Using this approach, the new study finds that the career advantage has remained with black graduates of black colleges, not with black graduates of other institutions.

Gregory N. Price, chair of economics at Morehouse and one of the authors of the paper, said that the database he and his colleagues used was "more robust" than any of the national ones, such as College and Beyond.

Further, he said that the broader definition of career success (going beyond salary alone) was also appropriate. For "a whole array of fields," he said, career success for black Americans may not have the same impact on wages as does career success for others. For instance, black doctors and lawyers who opt to work in low-income urban communities are in fact successes, he said, even if they may earn less than if they sought the best-paying jobs available for those in the medical and legal fields. Many black colleges in fact encourage graduates to think about careers that serve African American communities, and to define career success beyond money alone. (The other authors of the paper are William Spriggs and Omari H. Swinton of Howard University.)
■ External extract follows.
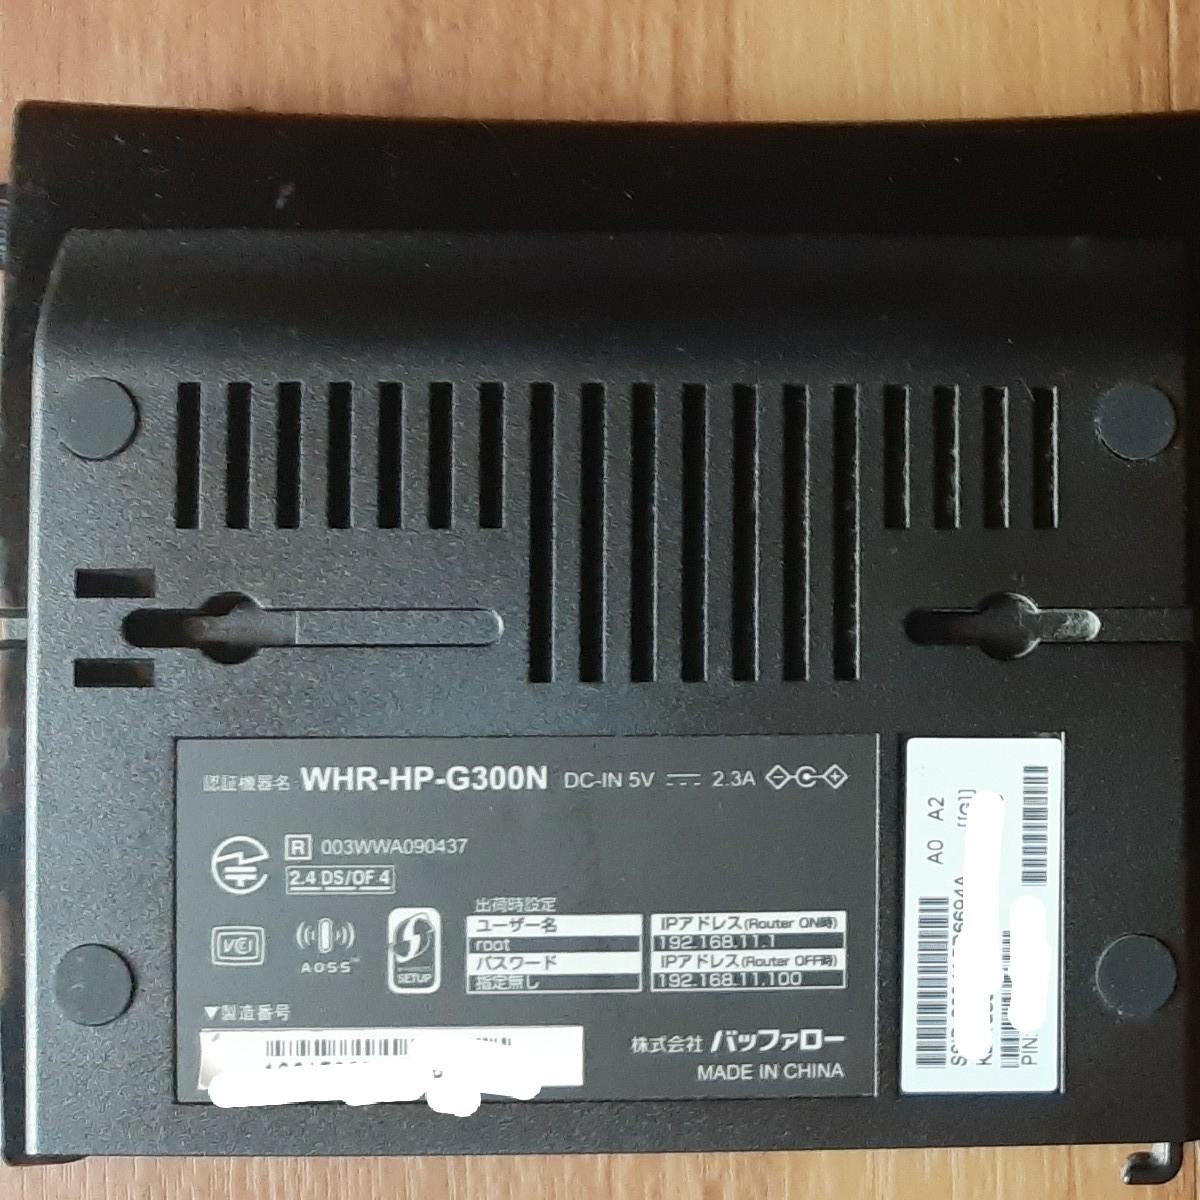 BUFFALO WHR-HP-G300N 無線LANルーター 11n 300Mbps

At the same time, he acknowledged that "different databases can yield different results." He said it was important that these findings be added to the discussion when people discuss the impact of attending a black college. Price agreed that the study from the Cambridge-based scholars had received much more attention than the one he and his colleges did. "MIT and Harvard are nice addresses to get a lot of attention," he said.

Asked why he thought black colleges continue to have a greater impact on graduates' career success than other institutions, Price cited mission and history. "We have a historical comparative advantage," he said. "Some of us have been doing this since emancipation."